_GOAL OF THE EXERCISE_
The answer should hold only the lines from the one containing "Năm 37 tuổi, ông" through the one containing "Opportunità in provincia" in the entries below, copied exactly, without pictures.
*** Opening LISTED ENTRIES ***
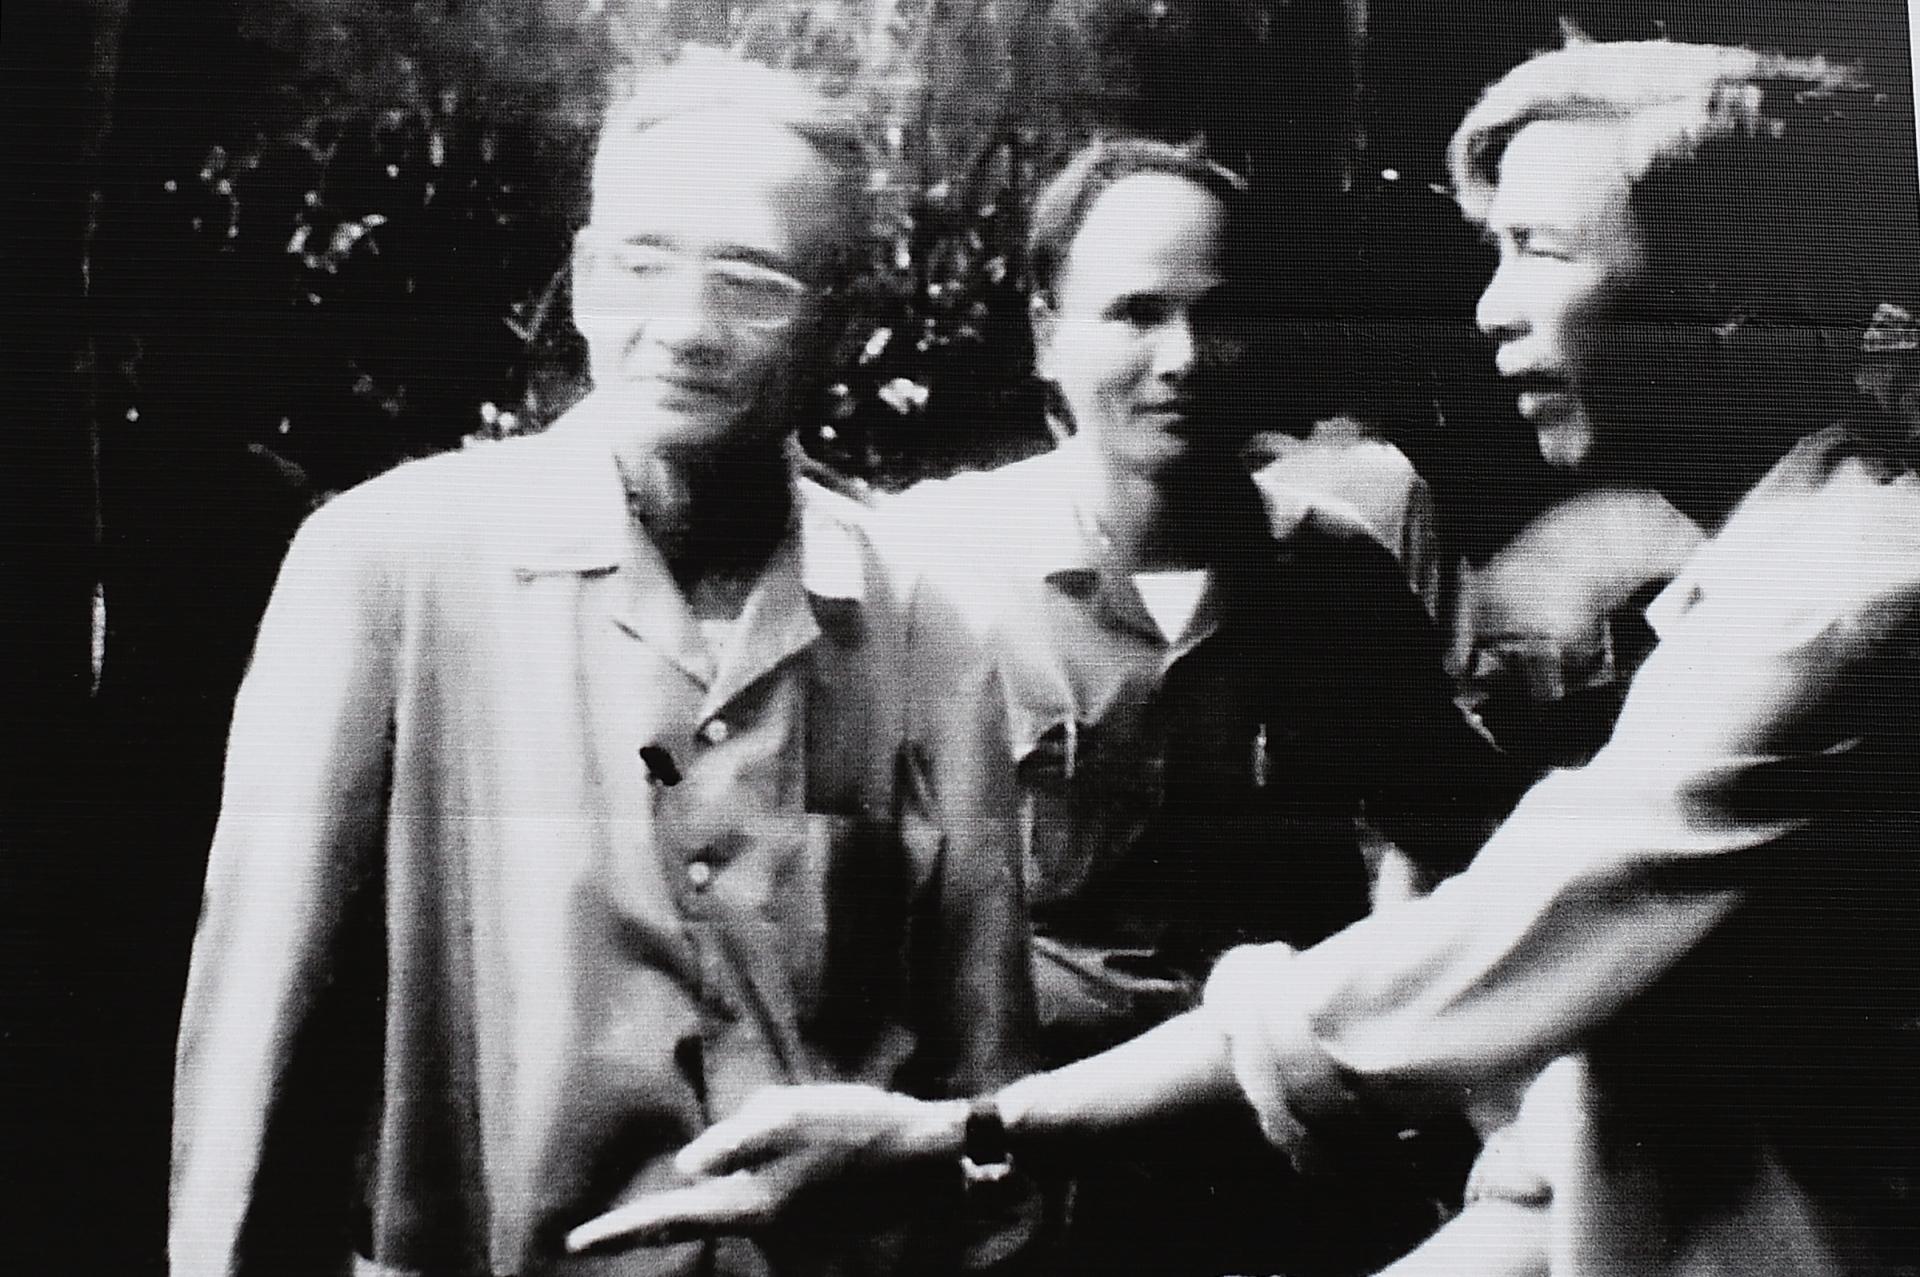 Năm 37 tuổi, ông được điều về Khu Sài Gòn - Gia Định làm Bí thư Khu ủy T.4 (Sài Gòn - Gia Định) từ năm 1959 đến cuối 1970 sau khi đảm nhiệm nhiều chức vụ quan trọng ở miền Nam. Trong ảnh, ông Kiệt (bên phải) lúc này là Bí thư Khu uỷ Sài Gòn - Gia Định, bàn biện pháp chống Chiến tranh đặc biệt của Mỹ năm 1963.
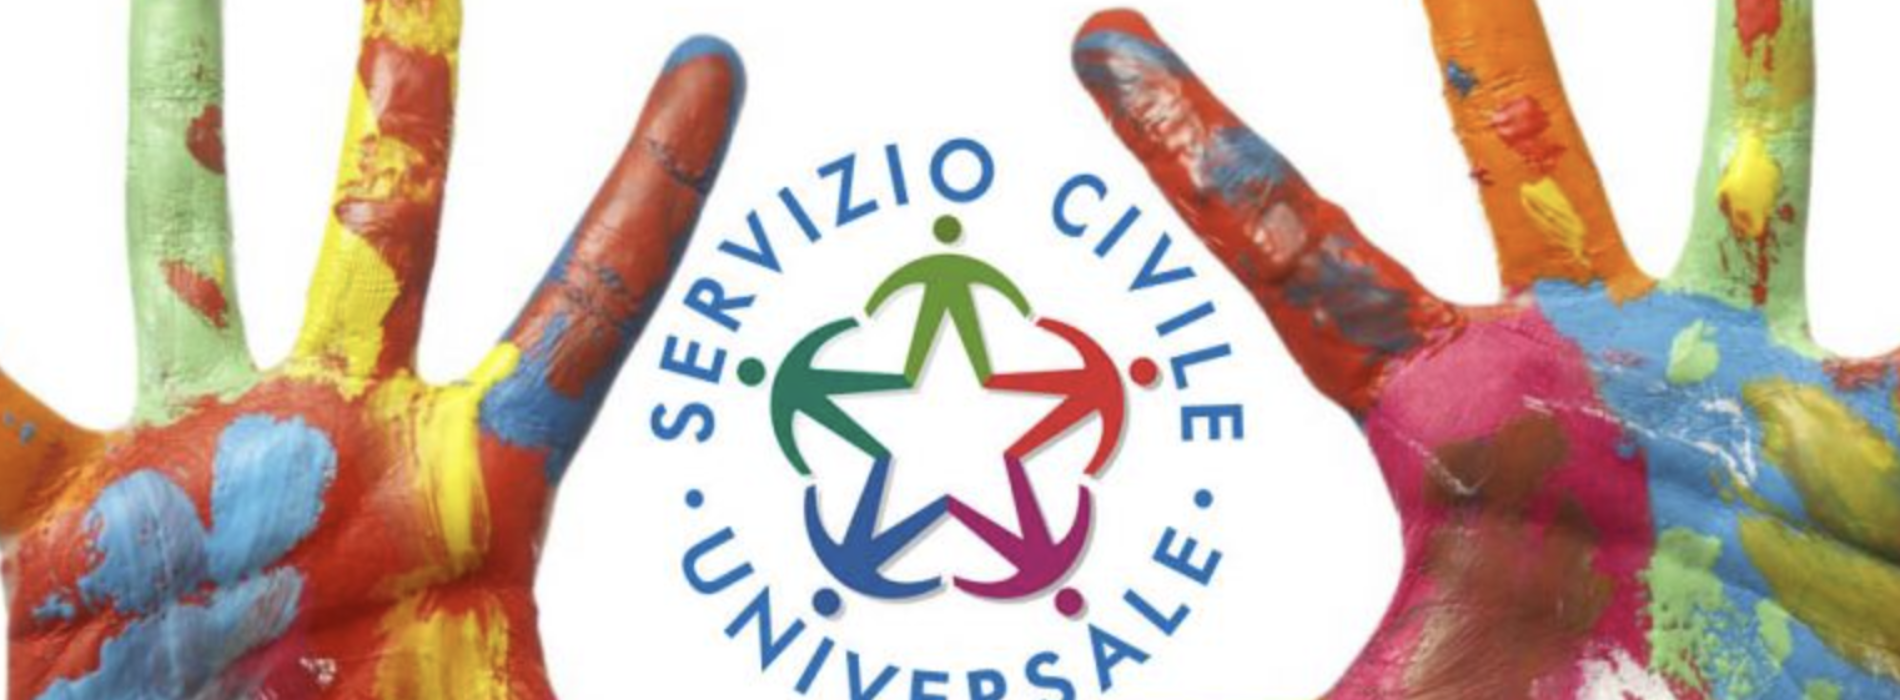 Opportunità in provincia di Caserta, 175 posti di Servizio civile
*** Closing LISTED ENTRIES ***
*** Opening LISTED ENTRIES ***
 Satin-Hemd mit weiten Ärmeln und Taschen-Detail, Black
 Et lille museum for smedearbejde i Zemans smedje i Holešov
*** Closing LISTED ENTRIES ***
*** Opening LISTED ENTRIES ***
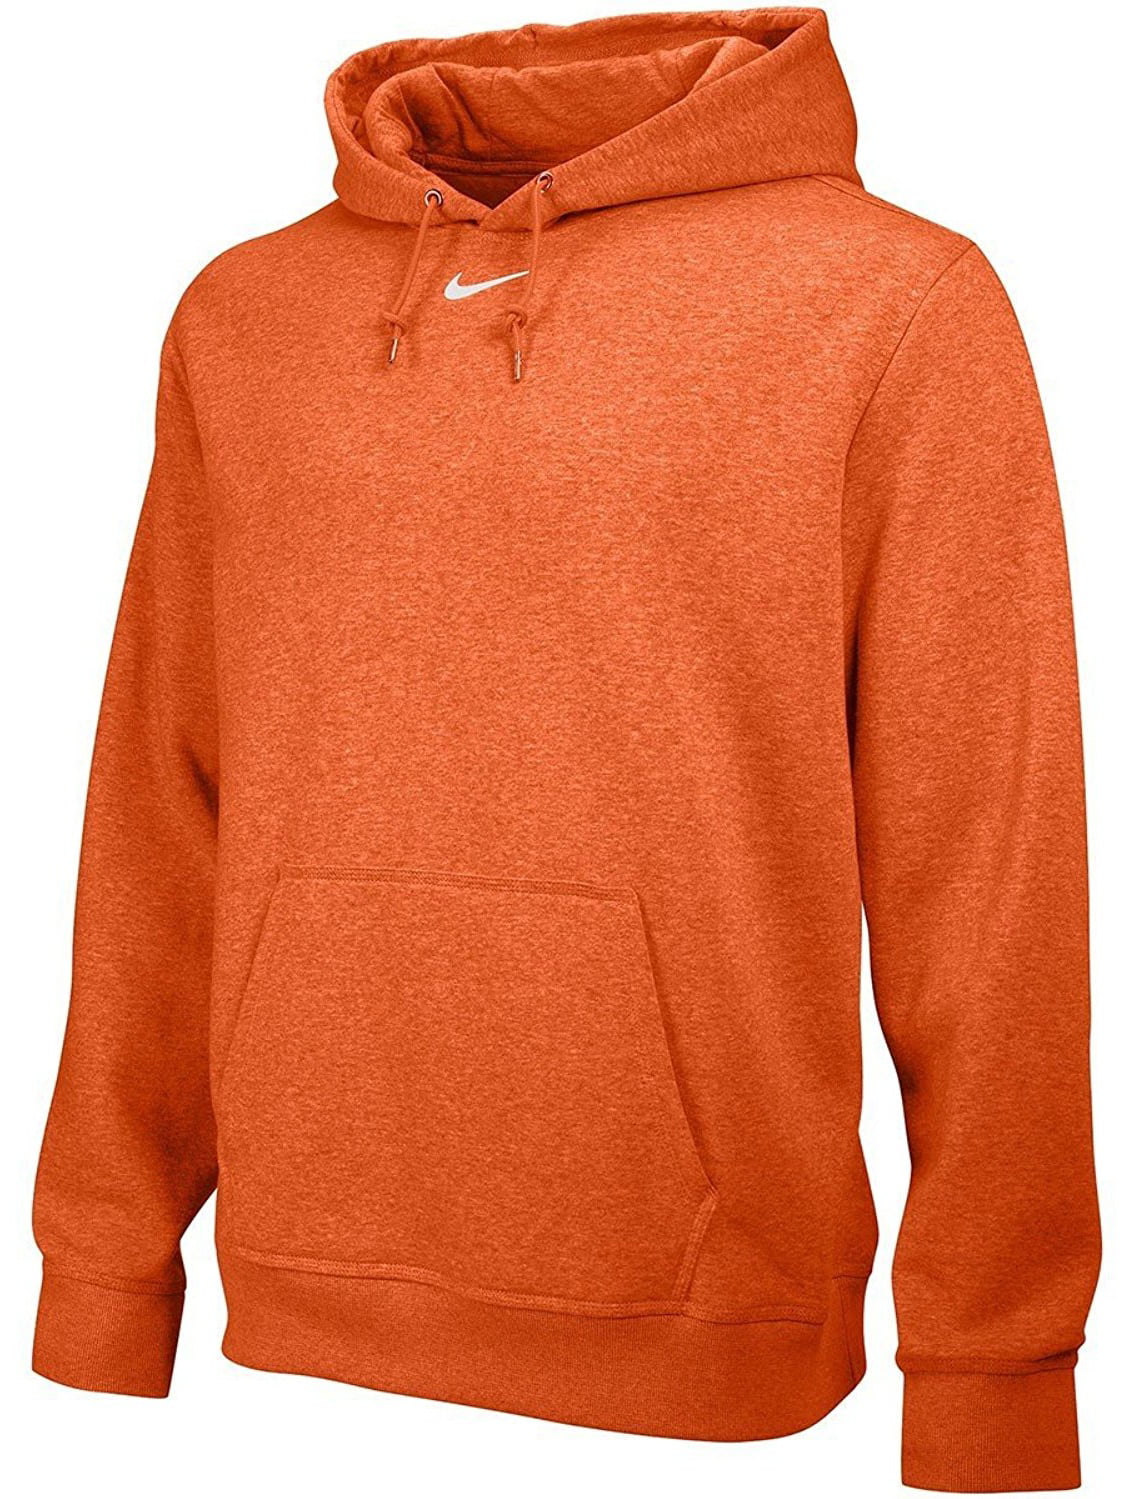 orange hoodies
*** Closing LISTED ENTRIES ***
_WRITTEN SOLUTION_
 Năm 37 tuổi, ông được điều về Khu Sài Gòn - Gia Định làm Bí thư Khu ủy T.4 (Sài Gòn - Gia Định) từ năm 1959 đến cuối 1970 sau khi đảm nhiệm nhiều chức vụ quan trọng ở miền Nam. Trong ảnh, ông Kiệt (bên phải) lúc này là Bí thư Khu uỷ Sài Gòn - Gia Định, bàn biện pháp chống Chiến tranh đặc biệt của Mỹ năm 1963.
 Opportunità in provincia di Caserta, 175 posti di Servizio civile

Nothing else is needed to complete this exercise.